One moment he stands on Buck’s dock, watching the light disappear into the distance, picturing the tower in his mind. And then, just as he fills in the final detail, he feels a subtle shift—similar to the surge that knocked him over earlier, but smaller in scale—and he’s standing on the rock jutting out from the hill, overlooking the entrance to the stone tower.
At least, the entrance to a stone tower. This tower is different: it’s the same size and shape, but the stone gleams white like marble, even in the darkness. Strange symbols are etched onto each stone. The grounds are different as well: the grounds around the tower Matthew remembers were nothing more than rock and grass, but this tower has a path leading from the forest to the door.
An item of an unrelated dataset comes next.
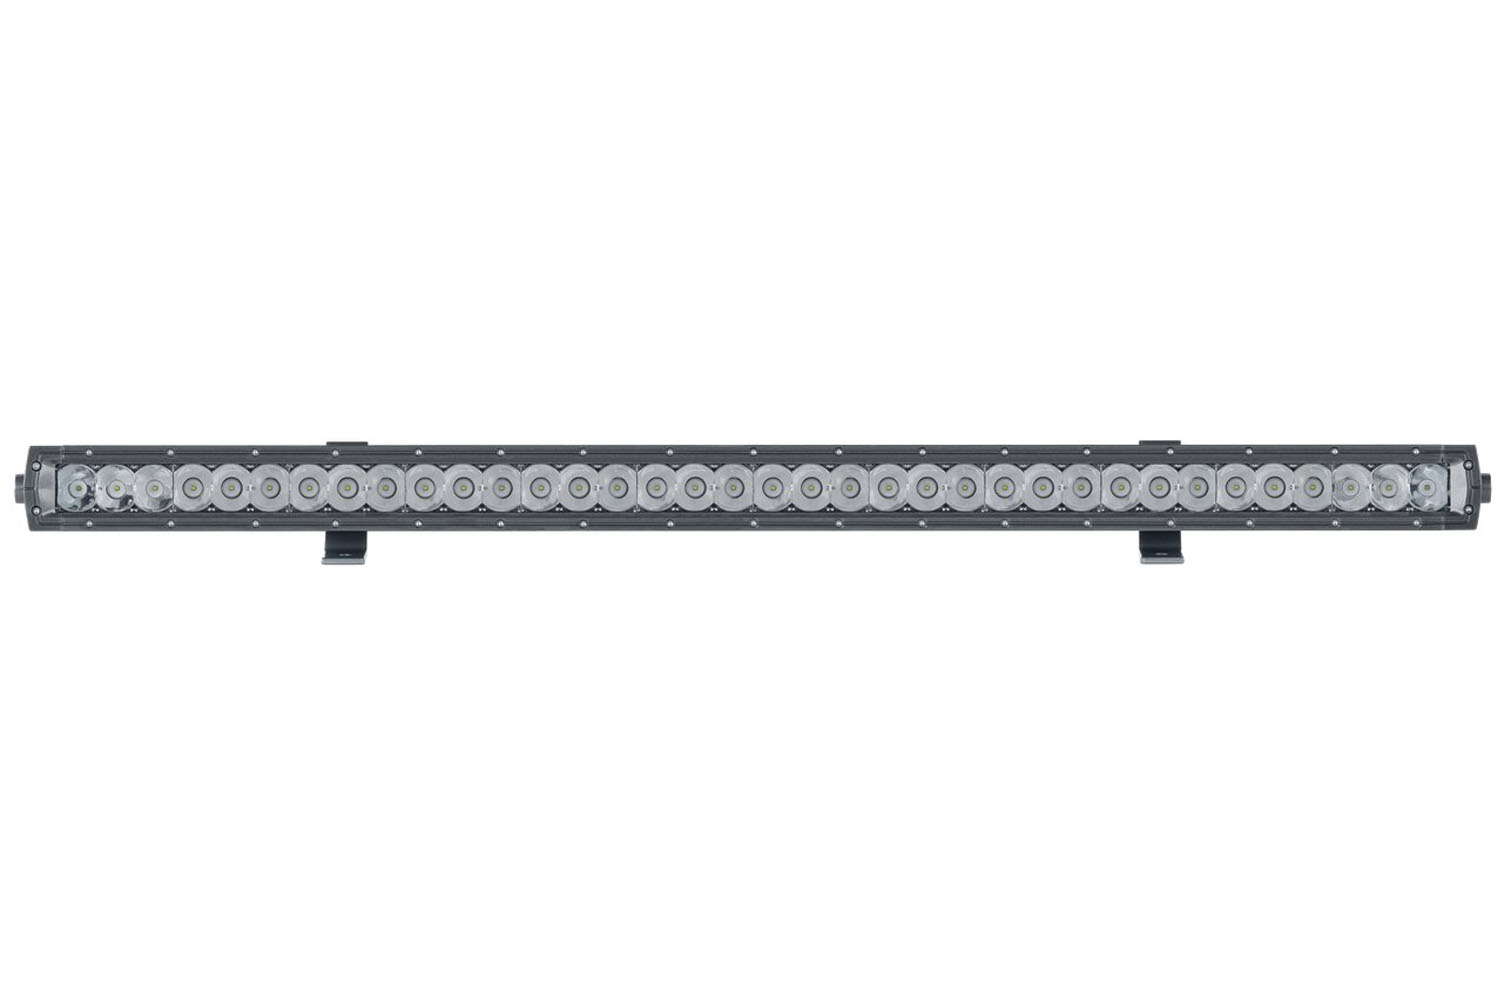 Night Saber LED Single Row Light Bar - 37" Questions & Answers

The path is lined with torches, all lit, illuminating the valley with flickering light. The tower entrance is an ornate, heavy set of double doors, currently closed, framed by great beams of dark wood. Banners hang from each side, red silk embroidered with a silvery pattern that he doesn’t recognize but feels strangely familiar. The tower has no windows until the very top, where it tapers off into a smaller room with windows on all sides. The windows are open, and light streams out like a lighthouse.
This is not the tower from Matthew’s vision, but at the same time he feels that it must be: he stands on the rock where he hid. That is the valley he saw, even if the tower currently standing in it is different.
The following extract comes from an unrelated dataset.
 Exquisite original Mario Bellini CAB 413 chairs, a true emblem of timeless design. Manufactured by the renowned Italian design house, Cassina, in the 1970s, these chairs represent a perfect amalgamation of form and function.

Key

Well, why not? He’s seen two versions of the manor house. Why not two versions of the tower?
He’s about to climb down when he hears singing in the distance. He crouches, like he had before, peering over the edge to gaze below.
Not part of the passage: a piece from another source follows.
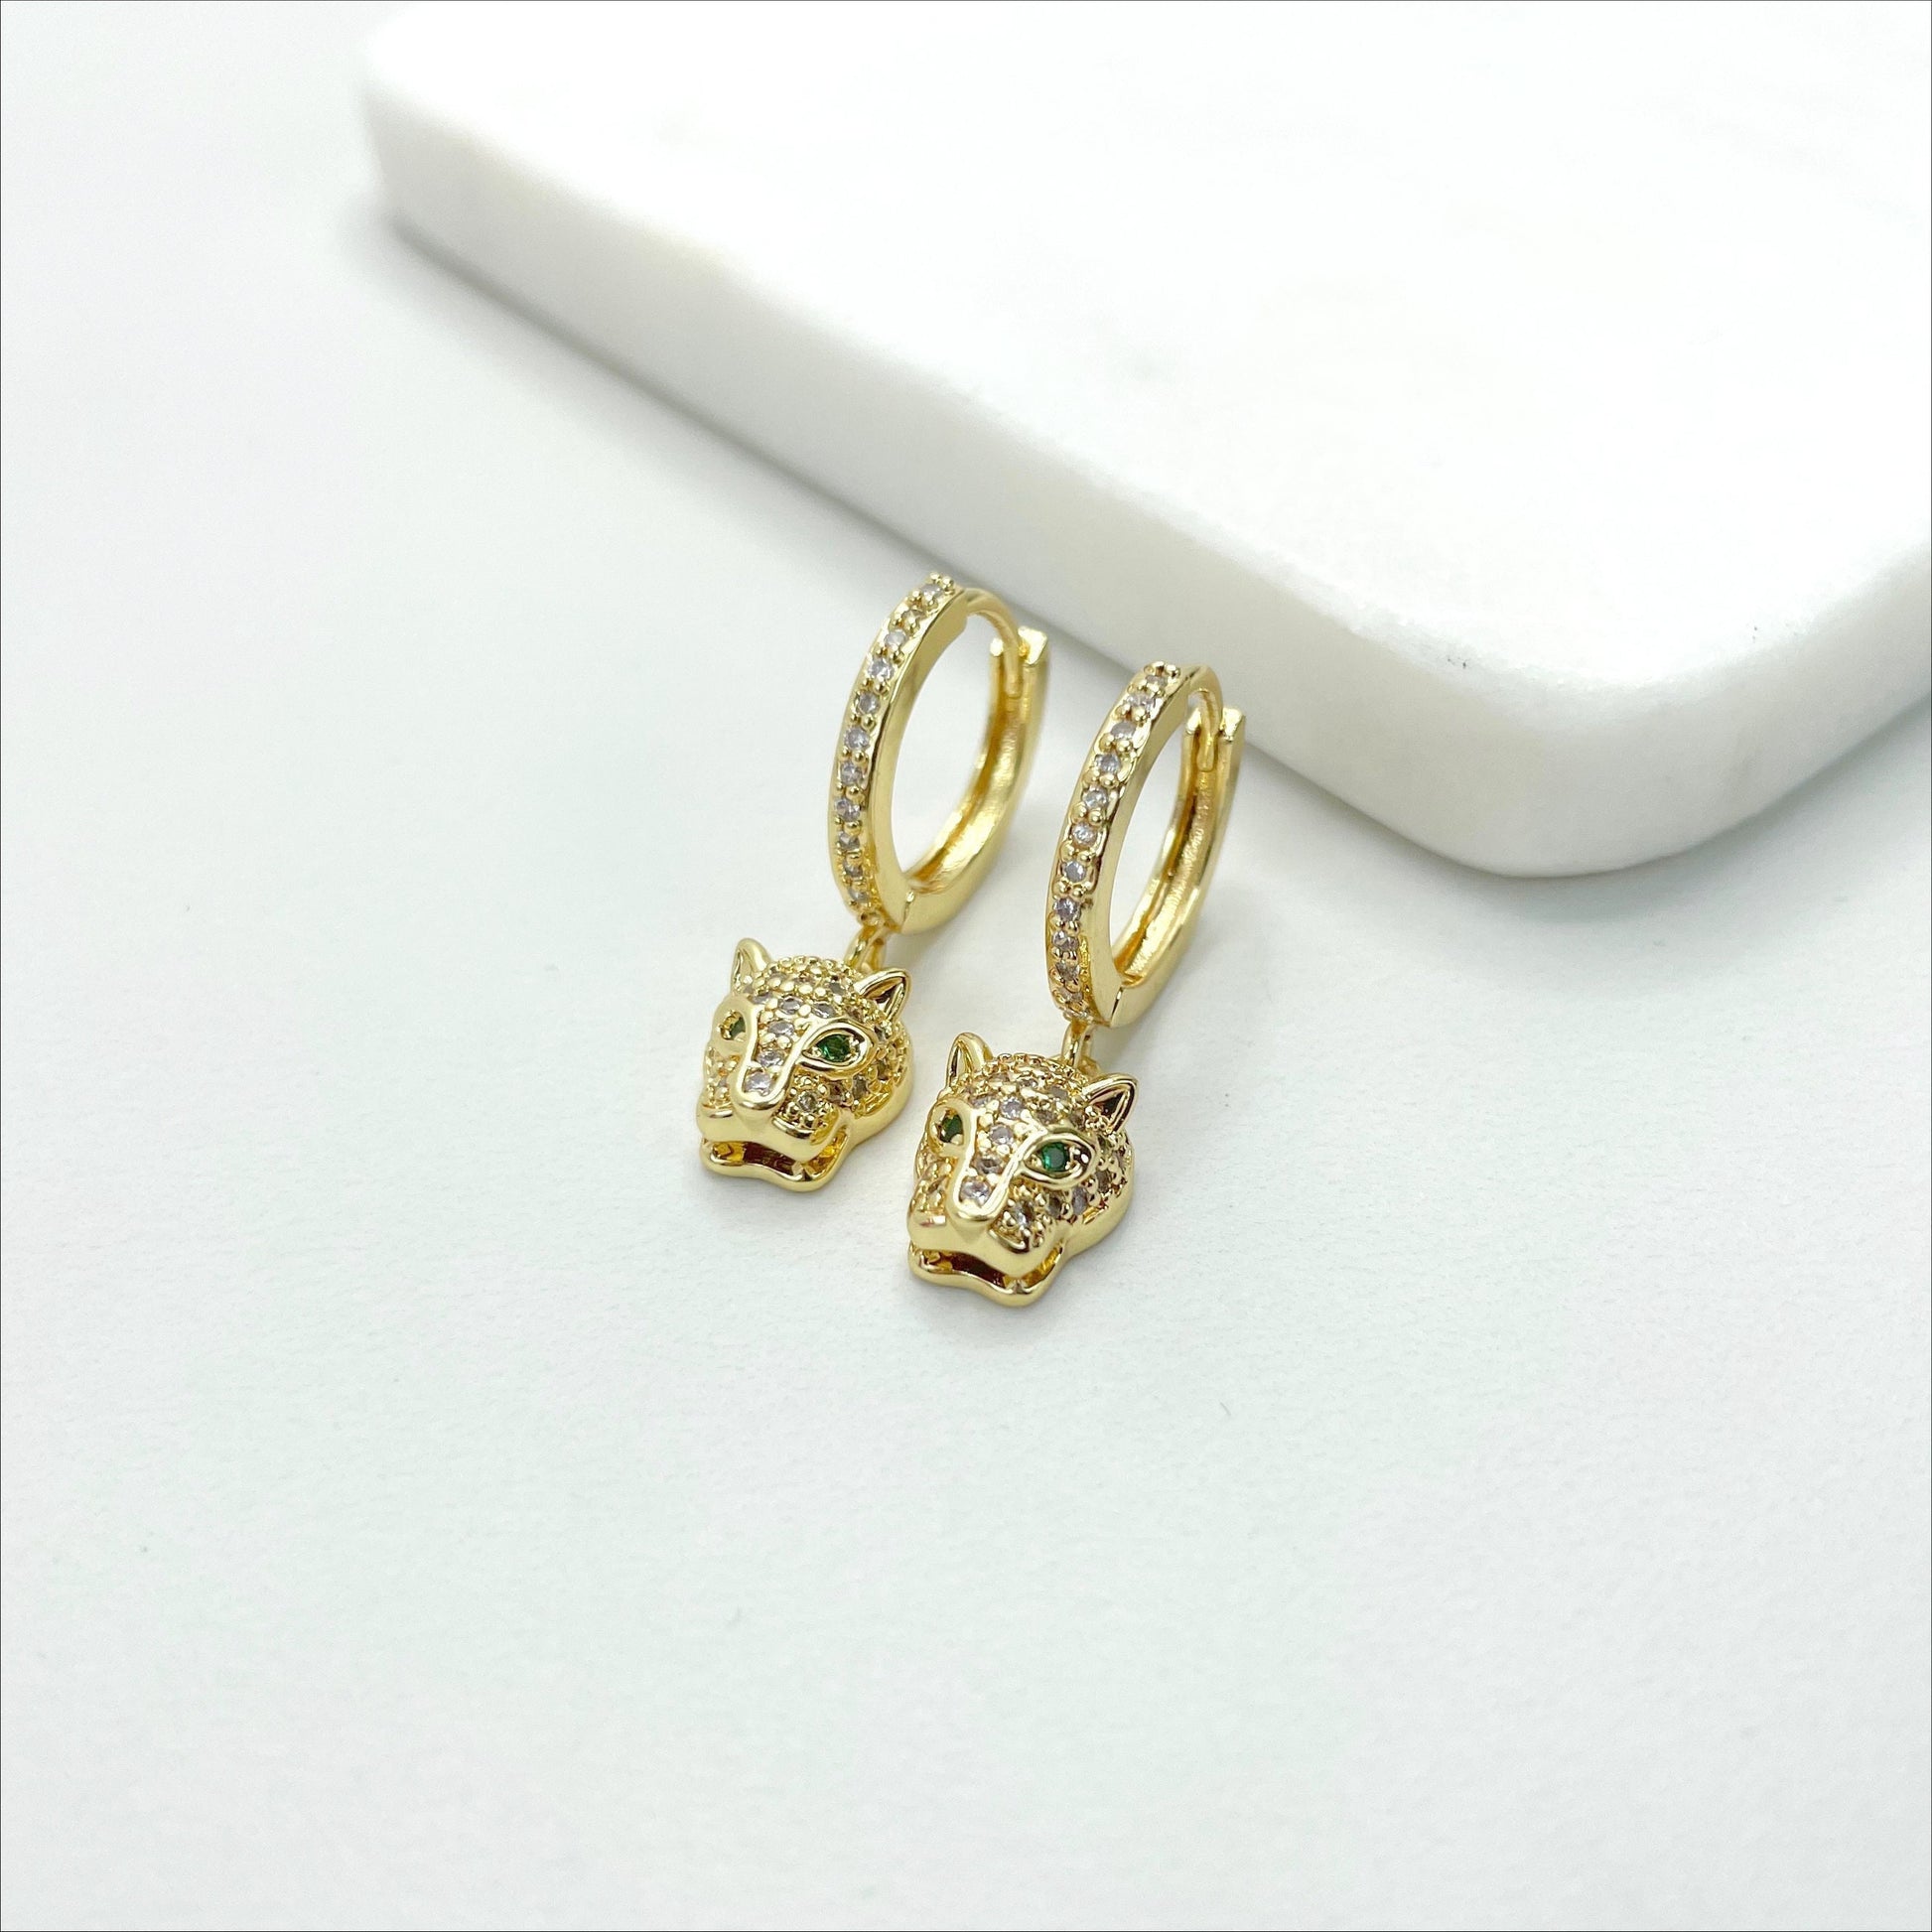 18k Gold Filled Micro Pave Cubic Zirconia Huggie Earrings with Panther Head Design Charms Wholesale Jewelry Making Supplies

The voice grows louder, though still distant. Eventually he sees a blue light fill the valley, softening the orange-red of the torches, and then the singer strides into view, walking up the torch-lit path. He wears a robe of pure white, his long, gray hair tied back into a loose ponytail. Even at this distance, Matthew recognizes him as the man from the chapel. This is Simon, he thinks. He almost says it aloud, stopping himself just as he feels the word form on his lips. This is Simon Wendell, Old Man Simon. The man Alice loves and Daylight fears.
Simon, surrounded by a cloud of wispy blue light, comes to a stop before the closed tower doors. The trails of light dance and surge around him as he sings, keeping rhythm with the cadence of his voice, twirling and merging into patterns that form, are destroyed, and re-form with each new verse of the old man’s song. Simon raises both hands toward the door, palms outstretched, and the wisps of light stream toward the door as his direction. The light swirls, and pulses, and then it seeps into the doors. The doors open, swiftly and smoothly, without protest. Warm yellow light pours out from the doors. Matthew is too high to look inside, but he sees a hint of polished marble tile just beyond the doors.
Continuing his song, Simon lowers his hands and confident steps inside. The blue light swirls around the open doorway for a moment, then follows him in, and just as quickly as the doors open they close just as fast. As the doors close, the sound of Simon’s voice dies away.
The world shifts.
“No!” It’s the first time that night Matthew has spoken aloud. His voice sounds flat and dull. He closes his eyes as pain spasms through him, then opens them to find himself kneeling at the edge of Buck’s dock, staring into the river water. The air is hot and humid. The sky is overcast. The stars are gone.
He sits up, coughs, and draws his jacket in tight. Despite the summer heat, he feels cold.